The first check is wrapped in `fail` because before running the new rule, `expr3` and `expr4` should not yet be known equal. After `run 10`, distributivity, commutativity, associativity, and constant folding are enough to put them in the same e-class.

```elixir
Egglog.EGraph.snapshot!(egraph)
|> Tutorial.render_snapshot()
```

**Birewrite.** Egglog has the `birewrite` keyword, which is similar to `rewrite`, but it allows rewriting in both directions.

Try making some of the rules above into `birewrite` rules.

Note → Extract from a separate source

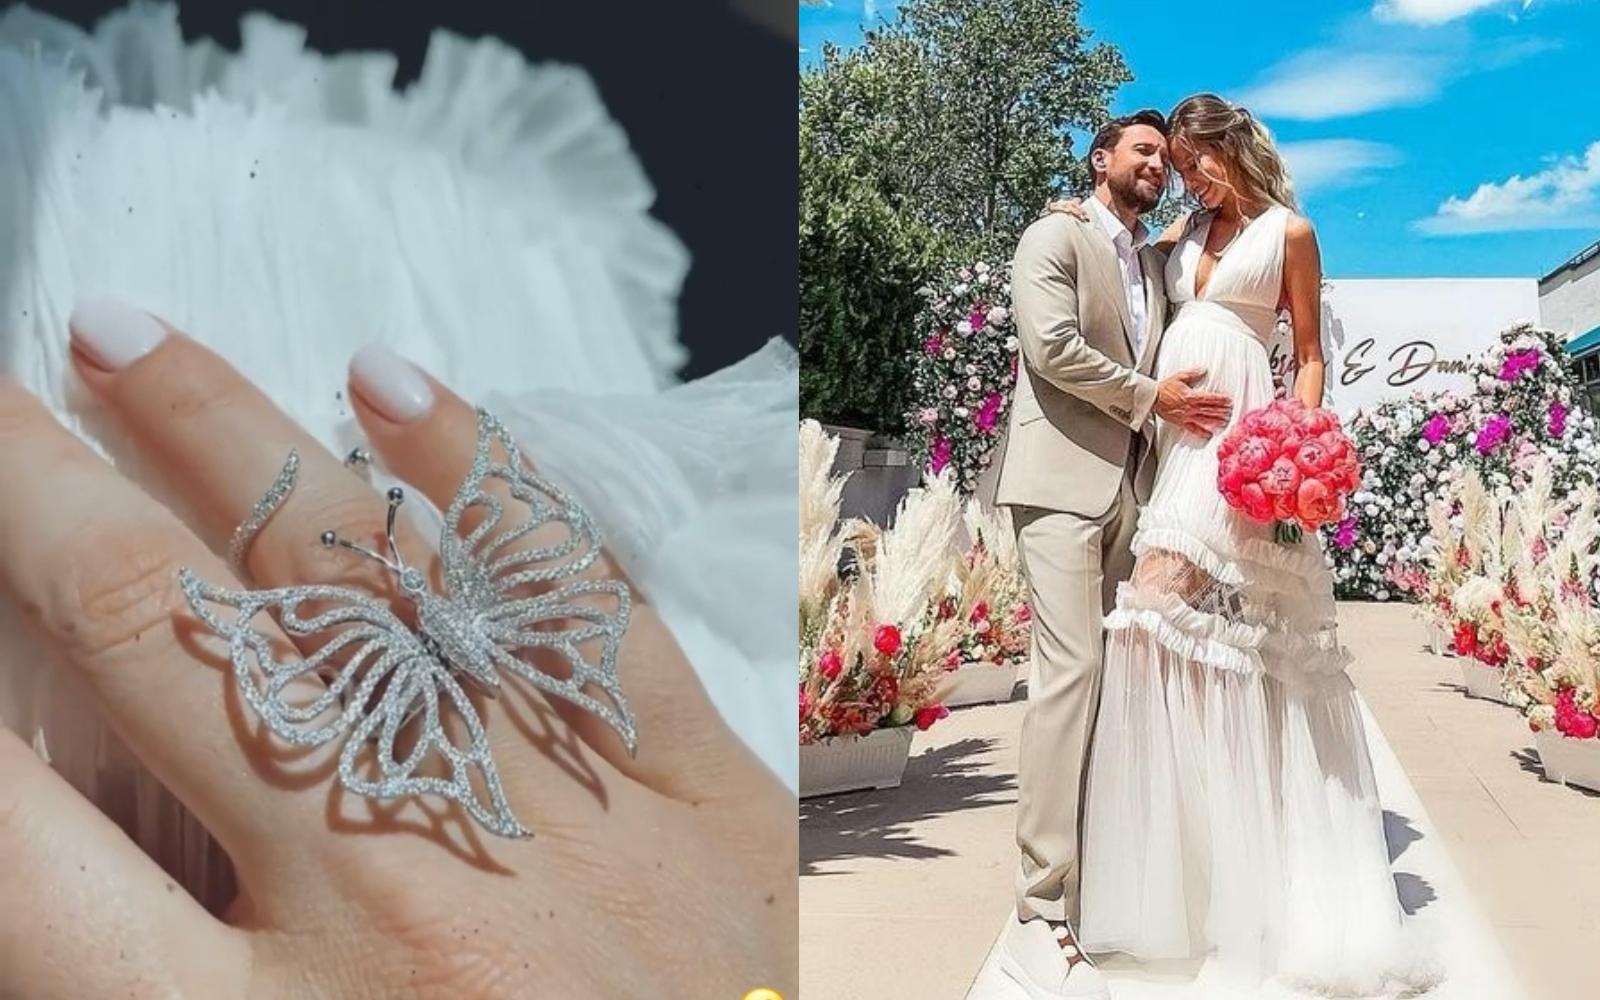 Dani Oțil și Gabriela Prisăcariu s-au căsătorit! Primele imagini de la eveniment

Looking at the rules we have defined:

* When is a bidirectional equation useful for exploration?
* When can it cause avoidable e-graph growth?
* When is a direction not even well-defined because one side has variables or primitive computations that do not make sense in reverse?

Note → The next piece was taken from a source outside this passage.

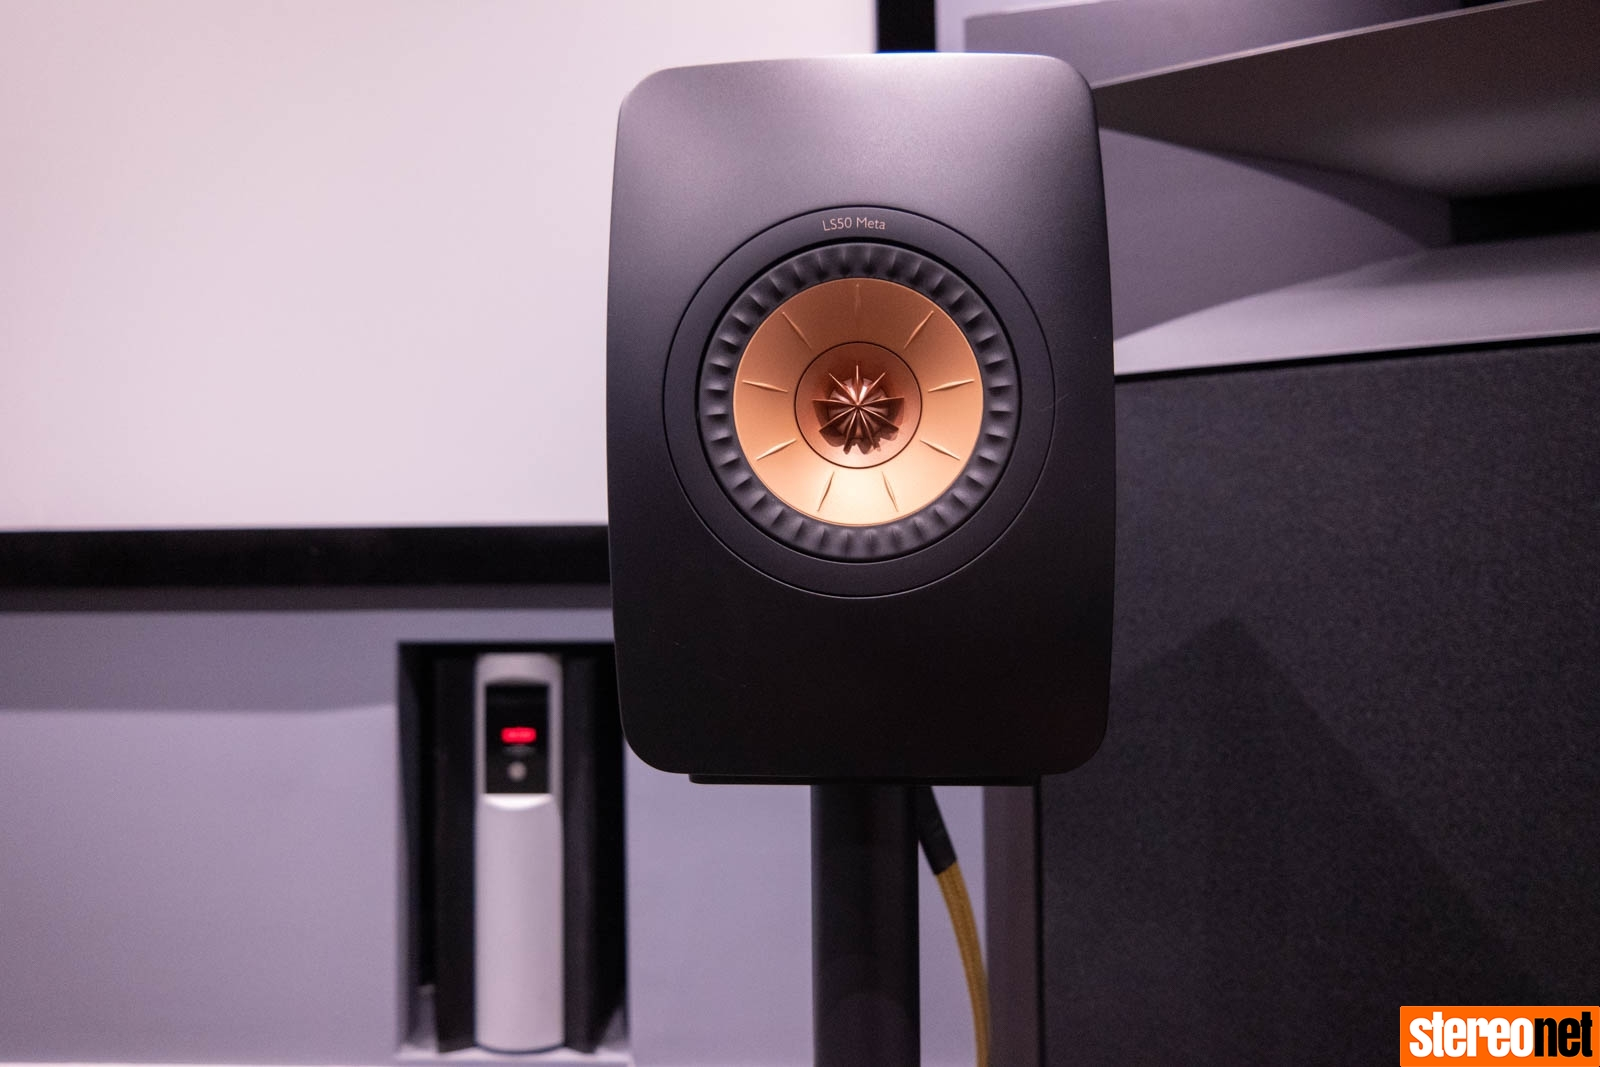 KEF LS50 Meta állványos hangsugárzó teszt a Stereonet oldalán

For example, commutativity is naturally bidirectional. Constant folding is not: `(Num (+ a b))` does not uniquely determine `a` and `b`.

## Take Away

Equality saturation is not normal-form rewriting. We did not choose one rewrite order and hope it was good. Instead, we accumulated many equivalent terms in one congruence structure, then asked extraction to choose a representative.

The finite e-graph matters. Rules fire against represented terms and represented patterns; they do not enumerate all possible ground terms over the signature.